# Problem statement
Only the lines from the one containing "CF-BDH, Fairey Firefly" through the end of the listing belong in the answer, repeated exactly, with no pictures.
The data: Begin
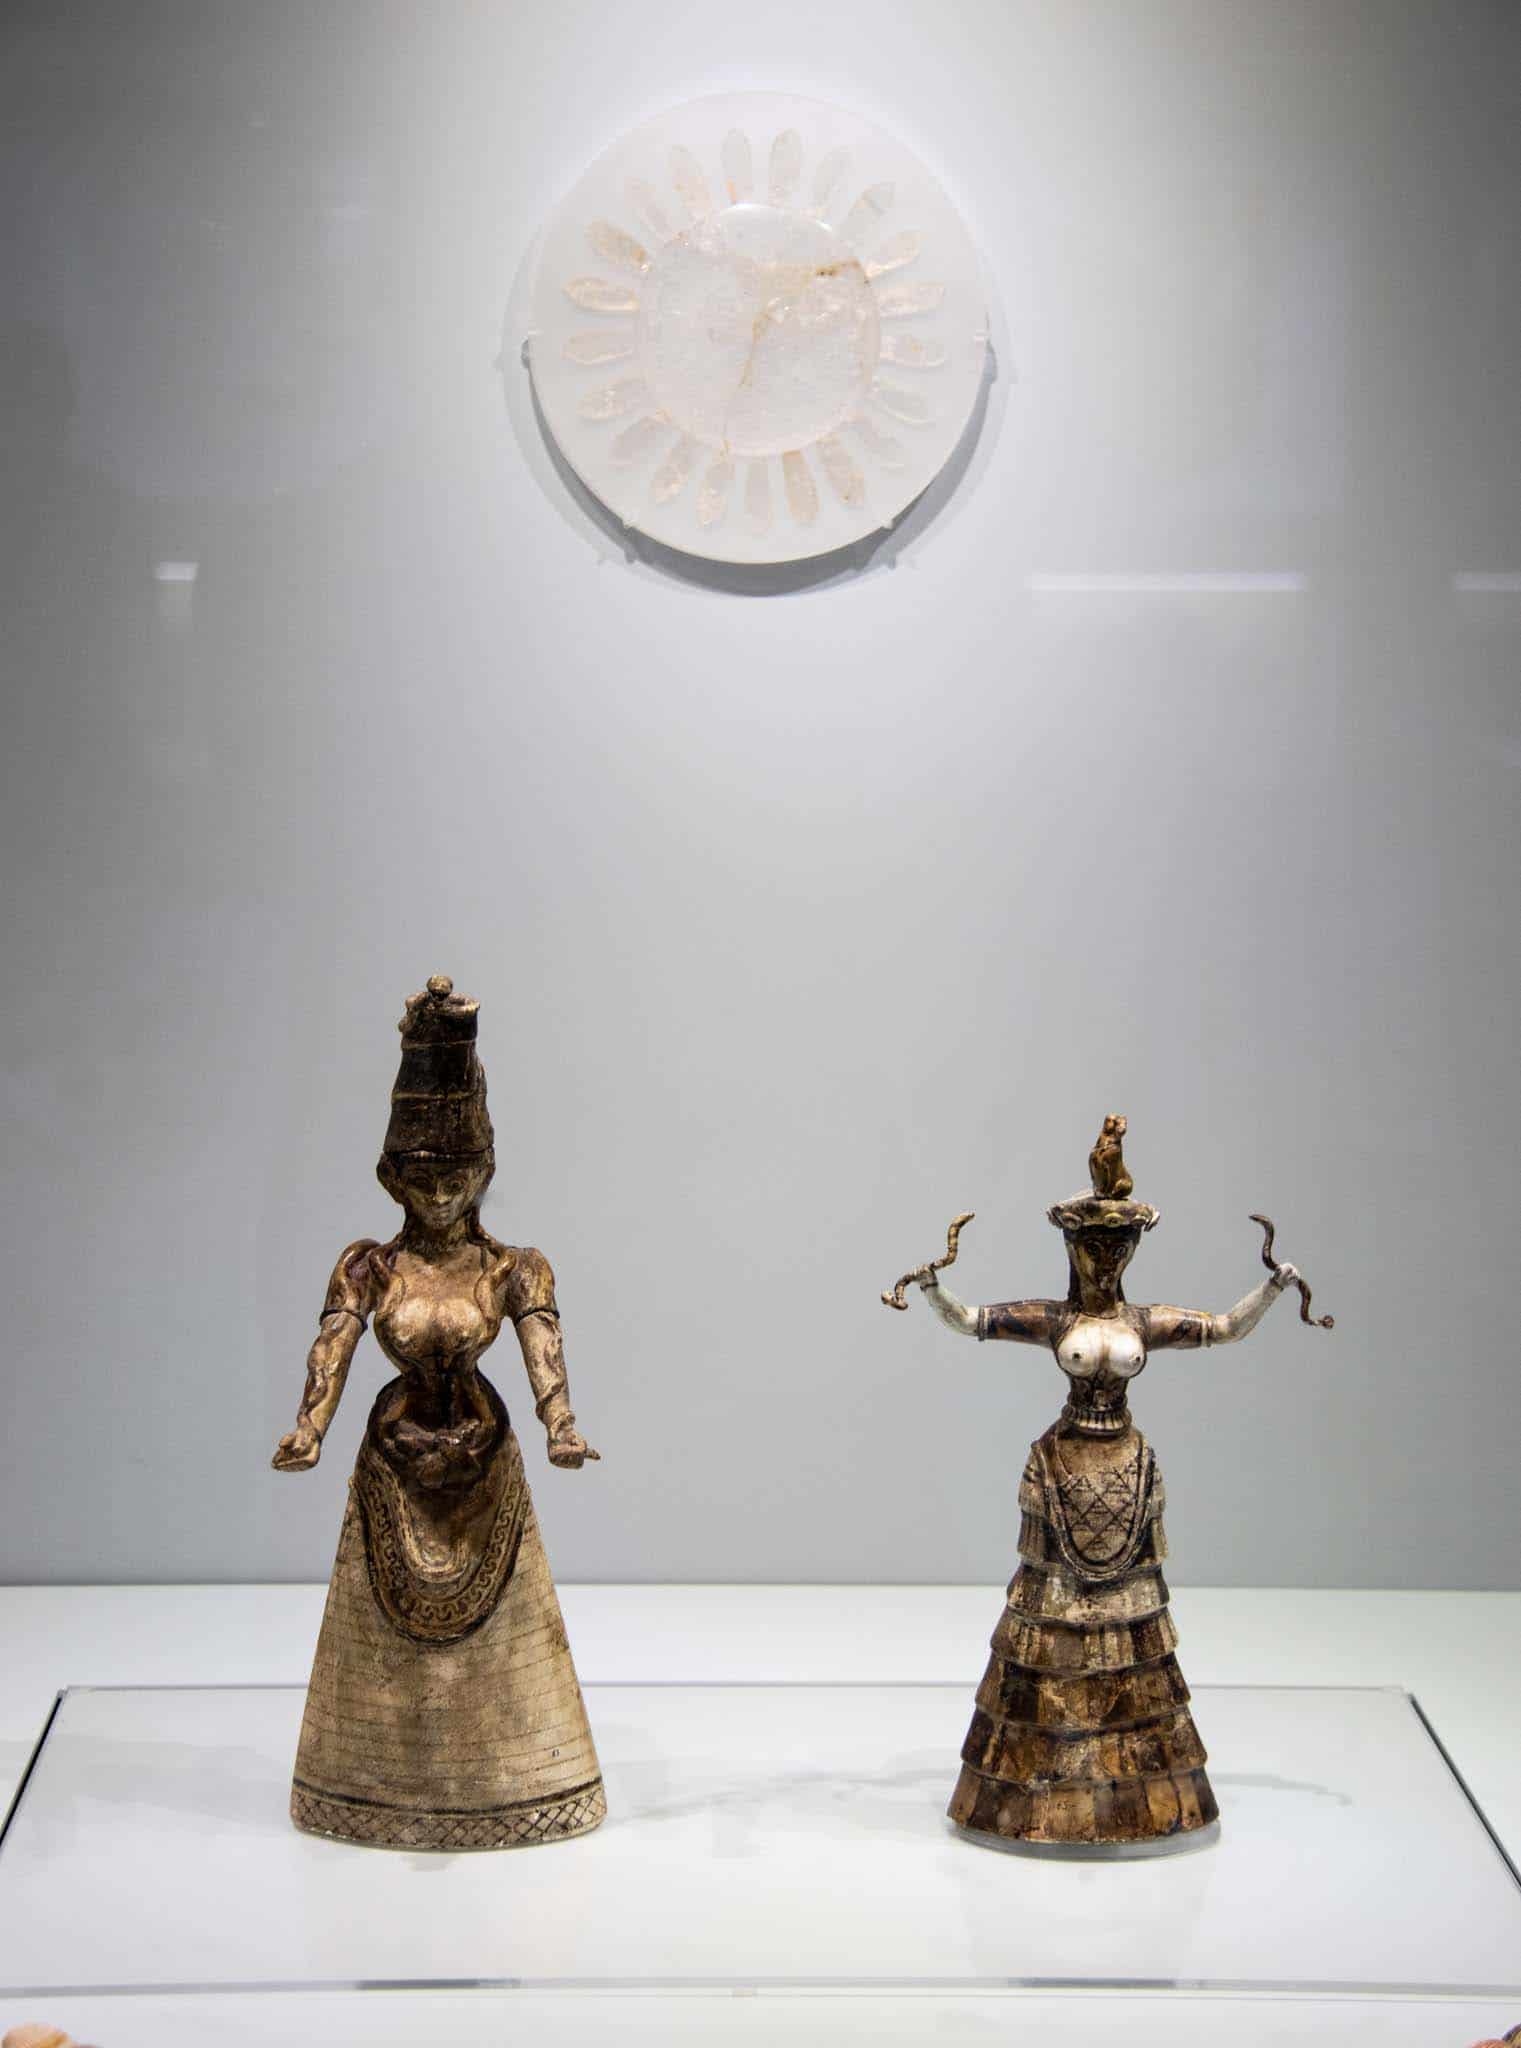 Minoan Snake Goddess and Priestess in the Heraklion Archaeological Museum. The snake goddess has snakes wrapped around her arms. The priestess holds a snake in each hand and has a Monkey on her head. Yes Louis - there's a monkey on her head!
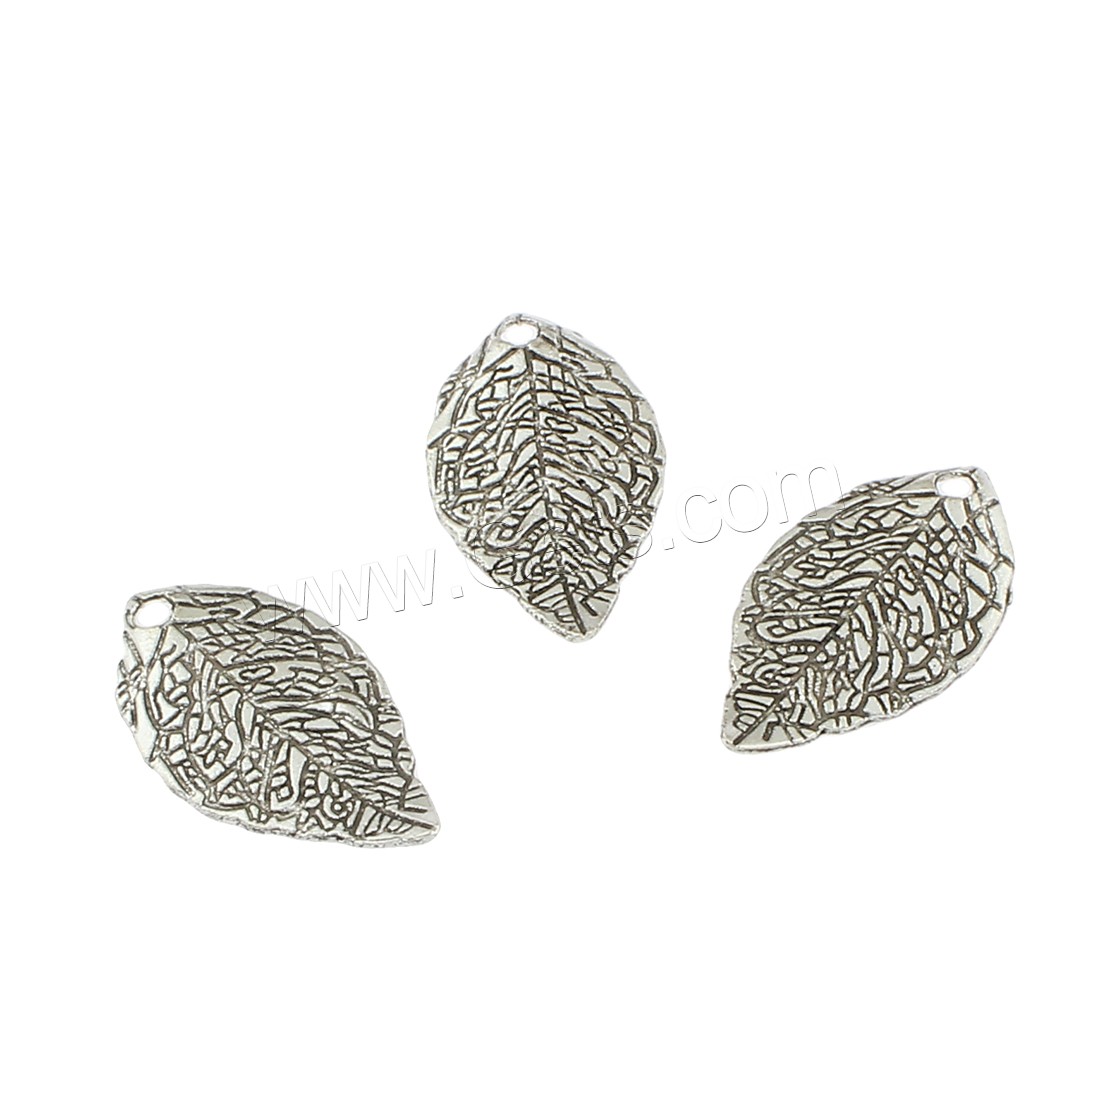 Zinc Alloy Leaf Pendants, antique silver color plated, 14x25x3mm, Hole:Approx 1mm, Approx 500PCs/Bag, Sold By Bag
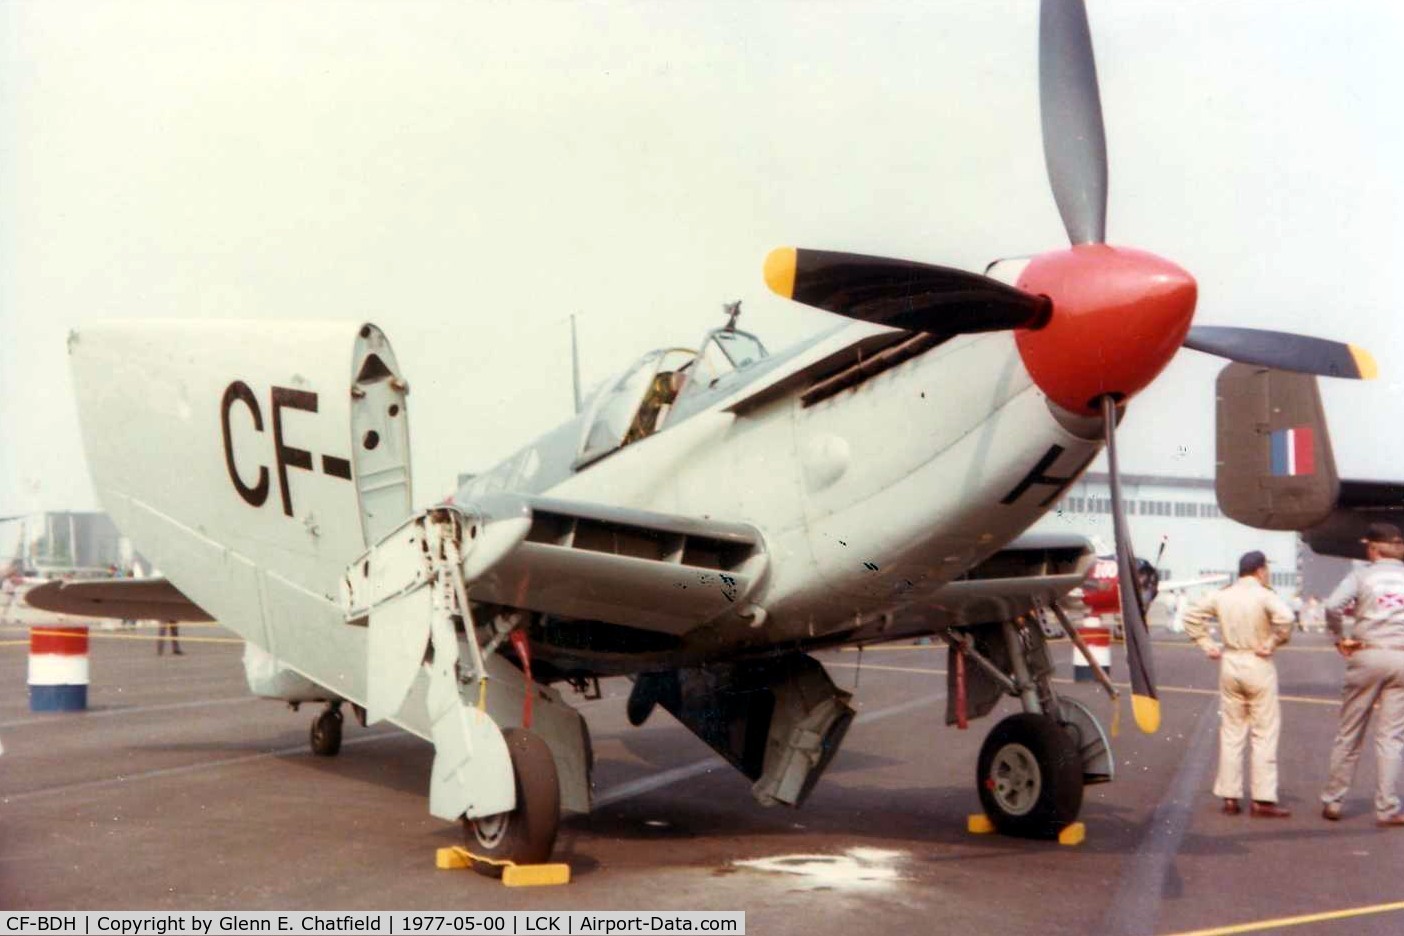 CF-BDH, Fairey Firefly TT.6 C/N F.8724, T.T. Mk.6 Firefly, serial WD901, at the Mother's Day open house.  This plane crashed into Lake Ontario 9/2/77
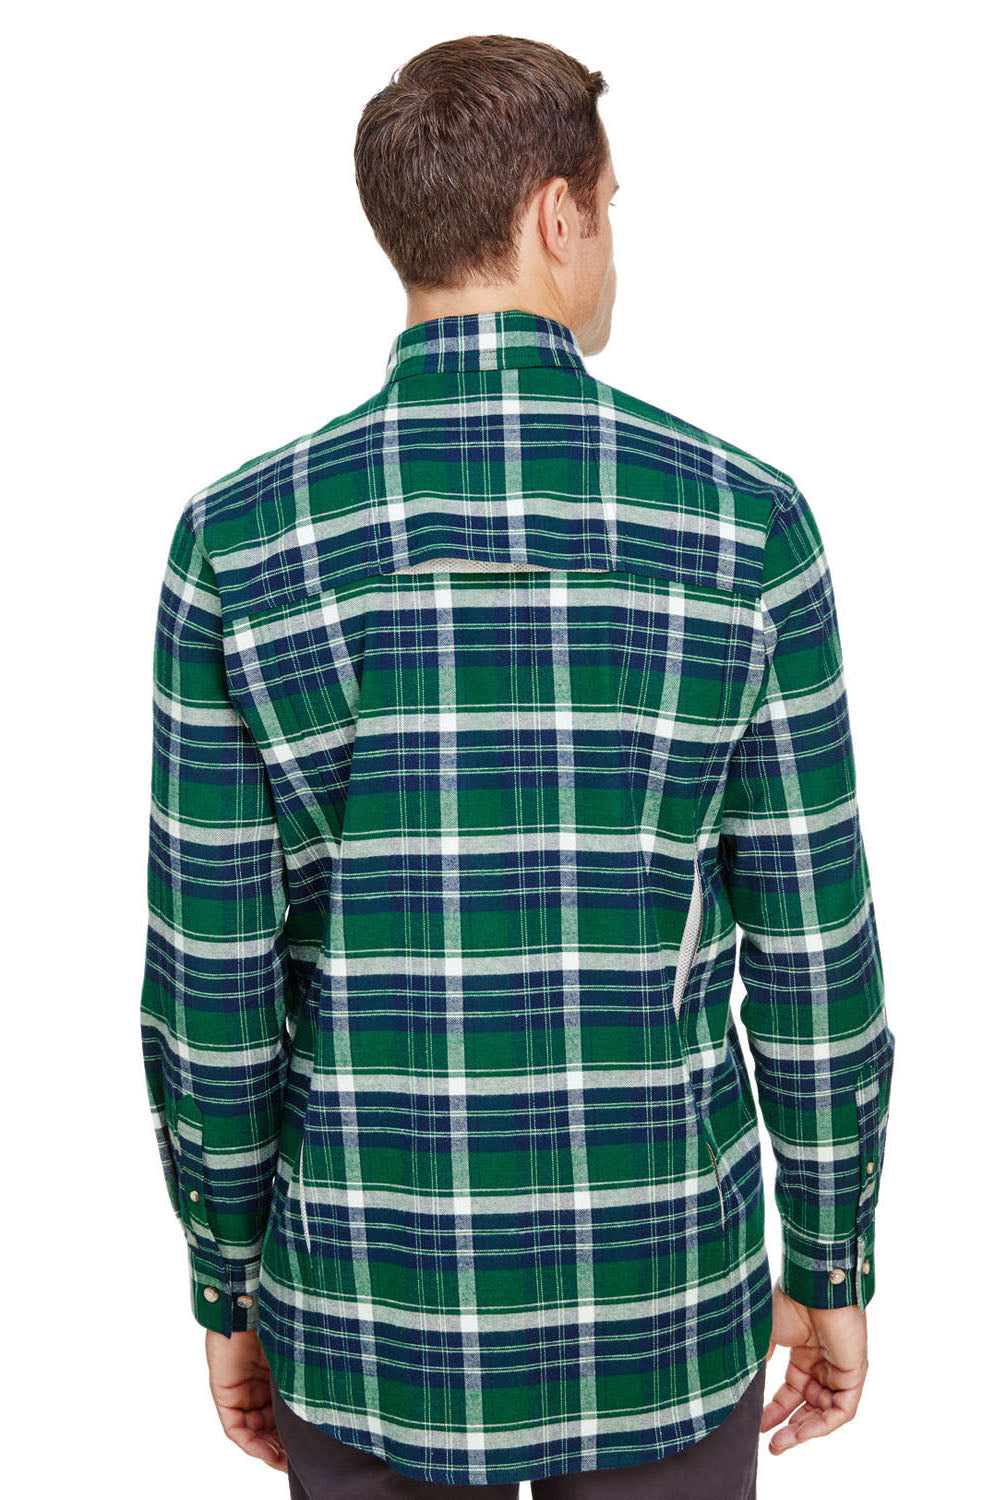 Backpacker BP7091 Mens Stretch Flannel Long Sleeve Button Down Shirt w/ Double Pockets Forest Green Back
The data: End
# Task solution
 CF-BDH, Fairey Firefly TT.6 C/N F.8724, T.T. Mk.6 Firefly, serial WD901, at the Mother's Day open house.  This plane crashed into Lake Ontario 9/2/77
 Backpacker BP7091 Mens Stretch Flannel Long Sleeve Button Down Shirt w/ Double Pockets Forest Green Back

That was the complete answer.